Notice the first argument to cudaMalloc... It is a pointer to a pointer! Why not just pass a pointer, and then access the memory from that pointer? Well, this is one of the design choices that apparently wasn't received well, and the reason for having a double pointer is because: (taken from stackoverflow)

"All CUDA API functions return an error code (or cudaSuccess if no error occured). All other parameters are passed by reference. However, in plain C you cannot have references, that's why you have to pass an address of the variable that you want the return information to be stored. Since you are returning a pointer, you need to pass a double-pointer."


Perhaps you could say that this is a better way, since you don't have to check errno. I've always thought returning error codes is a bit nicer, and in the case of a GPU where locking might take a lot more effort (so that errno isn't erased by the time you read it), it may be a good choice after all.


From what I understand, GPUs are good at processing many small operations (since they have tons of small "processors") and CPUs are good at processing larger operations. We've covered applications that run well on either GPUs or CPUs (saxpy), but are there any operations that would benefit from both CPU threads and GPU threads writing to the same memory space in parallel?
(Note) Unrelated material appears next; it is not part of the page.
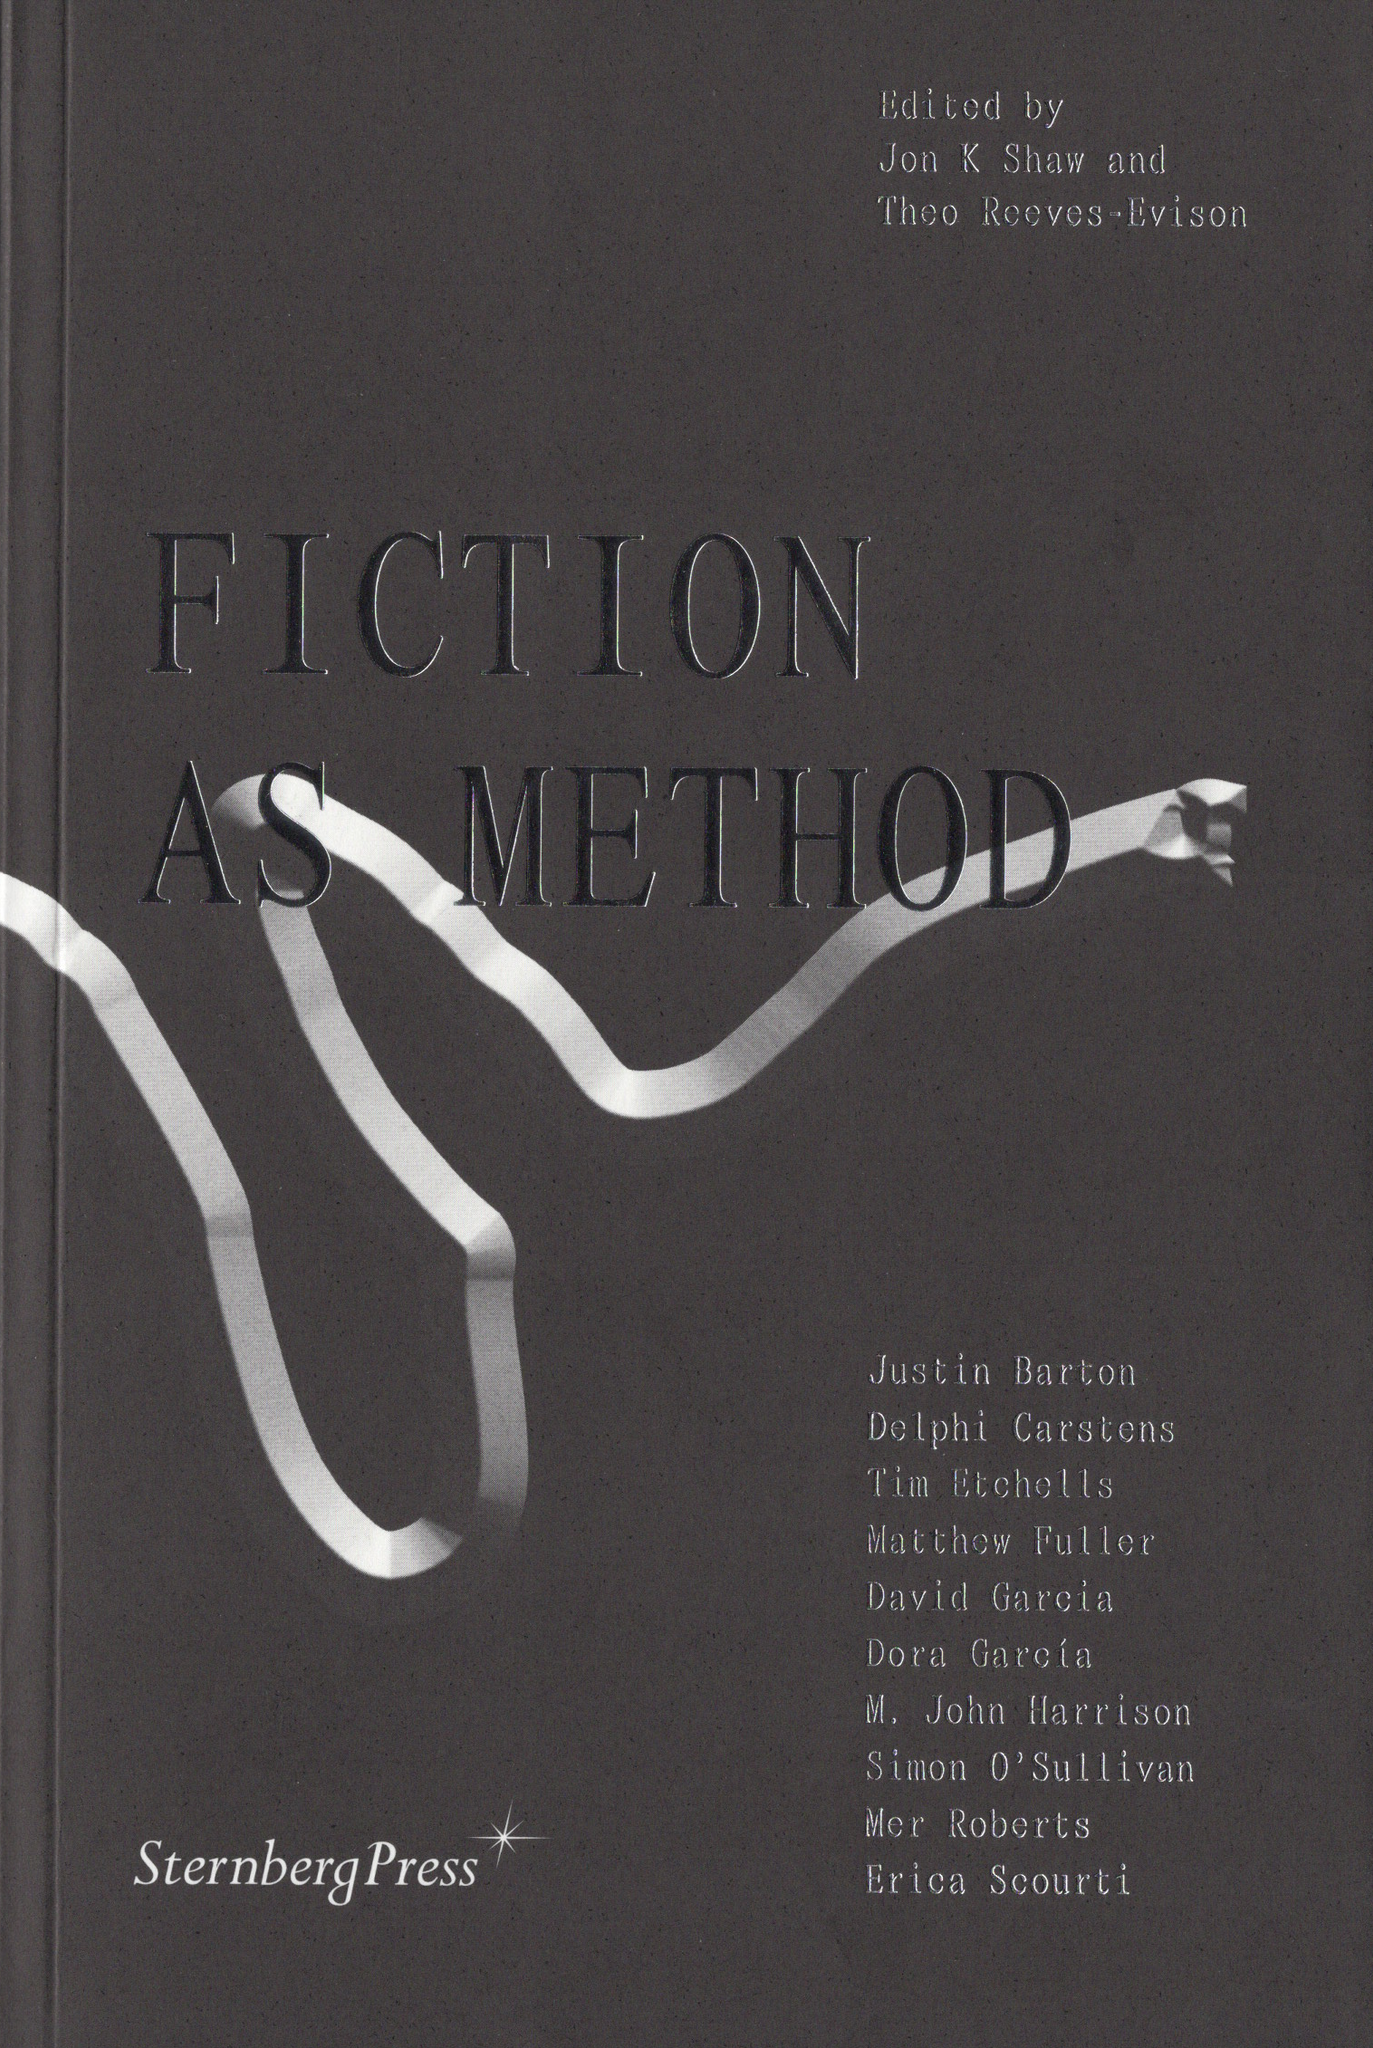 Fiction as Method, Theo Reeves-Evison, Jon K Shaw

Or is the overhead of cudaMemcpy too high?

An example might be the grid solver from the previous lecture. If there were 1/4 as many black dots as red dots, but each took X times the time to compute compared to a red dot, it might be beneficial to compute the black dots with CPU threads and share the data with memcpys.


Could someone answer the question posted: "What does cudaMemcpy remind you of?" I would say it reminds me of copying data from main memory to a cache, but that is just my take on it.


cudaMemcpy should remind you of message sending as a means for sharing addresses. In this case, cudaMemcpy is sending a "message" (copying data) from the host (cpu) address space to the device (gpu) address space.


@notanonymous. I agree. But did you mean to write "since it's a means for communicating data between address spaces."?